Third, we are tricked to believe the story of the narrator, to trust her side of the story. However, we know that she is mentally ill. In her entries from time to time, as she is trying to regain control, tells us and admits that what she is doing is not right at all. Although, before the last entry, she loses control and forgets about normality forever. From this point on, or even from an earlier point, we can no longer be sure about what happens. The entries that she writes can tell lies or hallucinations. (Which is in my opinion what truly happens.)

The narrator is obsessed with the yellow wallpaper. She starts to see the world as illusion compared to the wallpaper. Its yellowness is what really matters. There is one or sometimes several women trapped behind those bars. Although, could those be her? Are they separate entities or are they the fragments of her broken mind?

Through the telling of the narrator we cannot say for sure, that her condition is caused or worsened by the acts of the husband. Maybe she was normal at first and was forced into this state. However, the unreliable narrator tries to present the story in this narrative. She is telling us, how she pleaded and asked John to move downstairs. About how she tried to tell her husband about her condition. Nevertheless, did these really happen? Would not a doctor know better? And if she had really told him, then he would have acted. In addition, it is possible that this was part of her treatment that they had to sleep and stay in that room. Keeping in mind that she was forbidden to be with her child, but could go out walking and do a lot of other things. In the end, we could say that her treatment was unsuccessful.

While describing the wallpaper and the smell of the house, I noticed that these could be the result of not only her illness, but the mould that infests these kind of old houses. Maybe she was not mentally ill in the first place? But she got these hallucinations because of the fungus, the mould in the air? This explanation is one possible way to view the ending. During history, from ancient Germans who used mushrooms in their shamanistic rituals to lighthouse keepers who started hallucinating because of musty bread, fungi and especially mould caused a lot of dreadful events.

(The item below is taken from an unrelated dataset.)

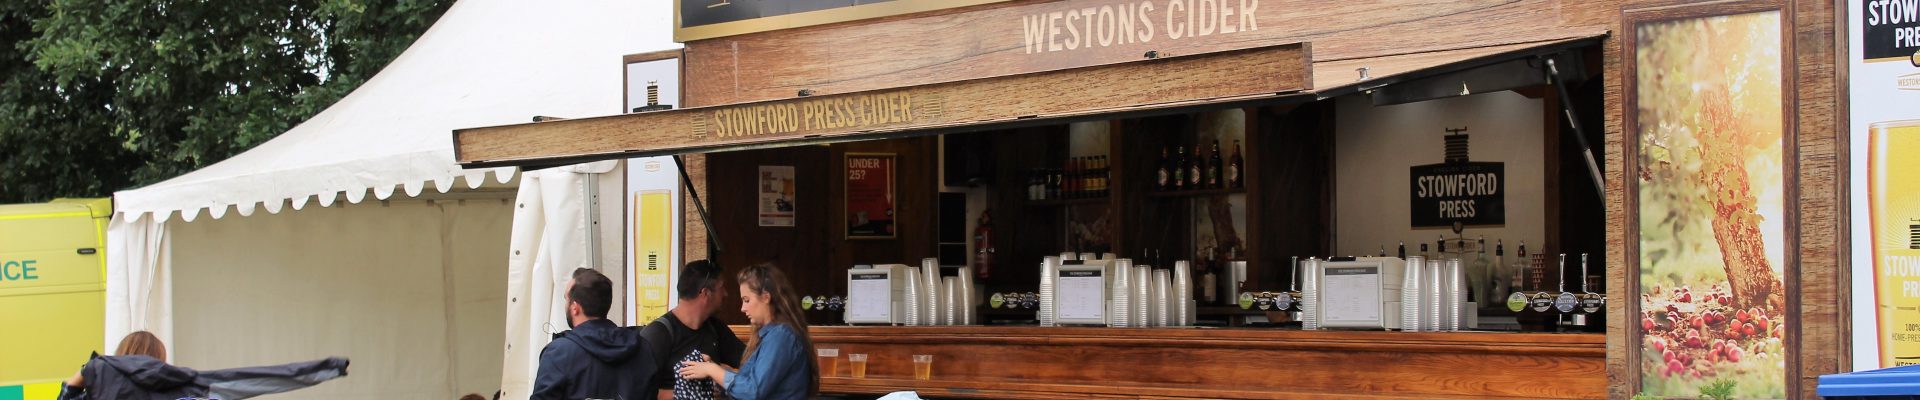 Stowford Press Cider Bar

Furthermore, the ending could be explained through the lens of deep madness. In her last entries, she describes creeping, and refers to herself creeping around instead of walking or doing anything else. This further emphasis the fact that she was lost at this point. She started to let free the imprisoned women of the yellow wallpaper, but this could mean, she let her inner personalities free.

Also, as the husband enters, he faints. This could be the result of the narrator doing horrible things to herself. Maybe by tearing down the yellow wallpaper she meant that she started to skin herself alive. Alternatively, maybe she did other terrifying things to herself. At this point, it is possible that she was no longer able to tell apart where the yellow wallpaper started and her skin ended.

I wonder, after the last scene, when did she pen down the last entry?

In conclusion, the main point of this reading journal is that the narrator goes from reliable to unreliable as her condition worsens. This short story is about a mental illness of unnamed origin, which most likely ruined the life of this family.